WHAT IS BEING ASKED: Beginning with the line that contains "Vintage U.S Military Jacket" in the material below, print each line exactly until the line that contains "Cuplikan layar Windows" has been printed, then stop.

EXERCISE MATERIAL:
[Start of section]
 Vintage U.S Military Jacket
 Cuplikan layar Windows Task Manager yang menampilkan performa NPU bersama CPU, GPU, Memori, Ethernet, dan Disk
[End of section]
[Start of section]
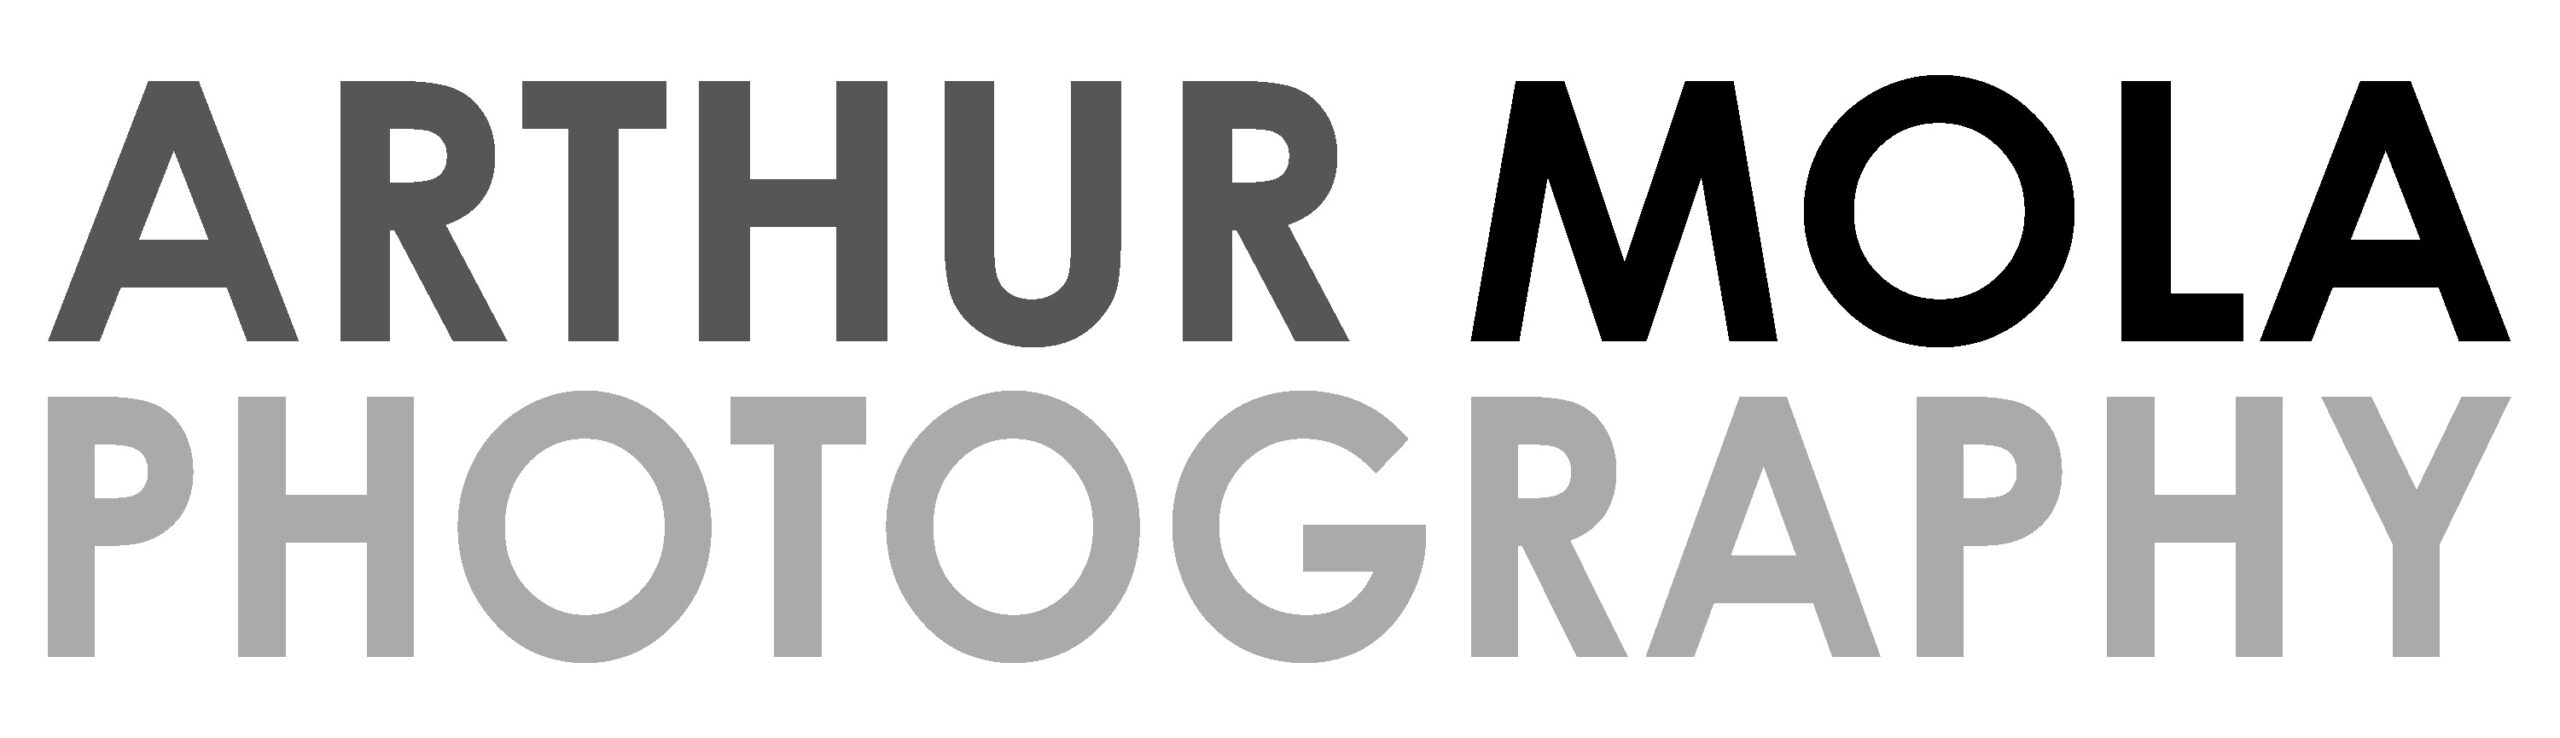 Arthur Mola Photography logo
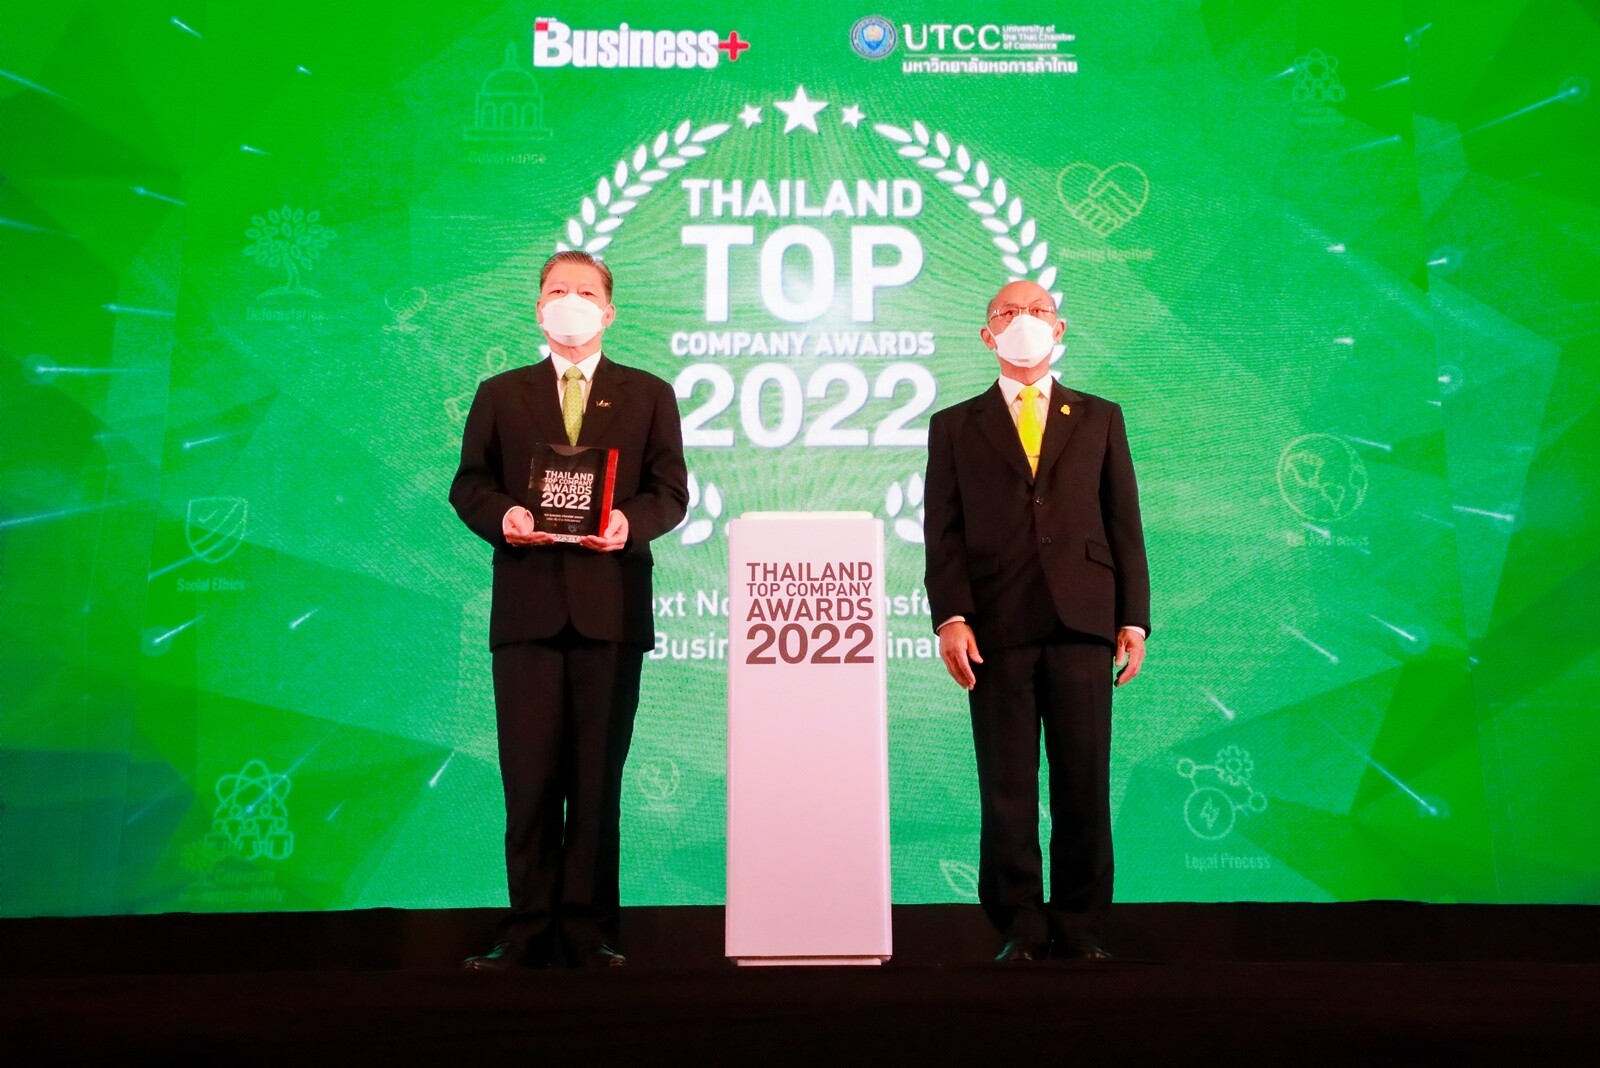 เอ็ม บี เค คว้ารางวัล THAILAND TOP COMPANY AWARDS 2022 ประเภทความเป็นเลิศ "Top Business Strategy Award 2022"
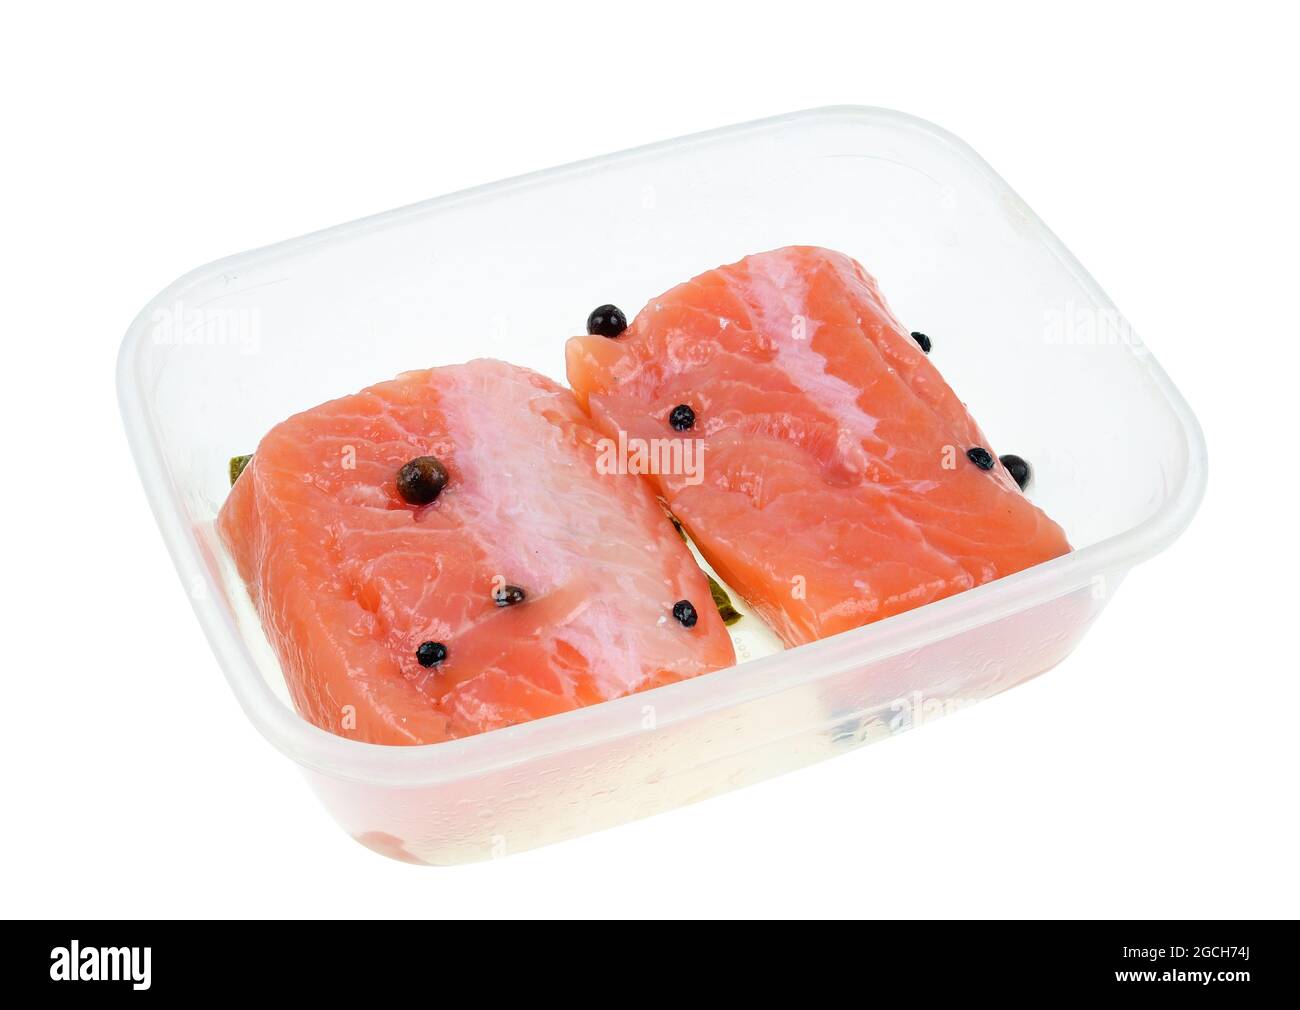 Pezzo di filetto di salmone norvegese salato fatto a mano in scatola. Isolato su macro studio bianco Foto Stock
[End of section]
EXERCISE RESPONSE:
 Vintage U.S Military Jacket
 Cuplikan layar Windows Task Manager yang menampilkan performa NPU bersama CPU, GPU, Memori, Ethernet, dan Disk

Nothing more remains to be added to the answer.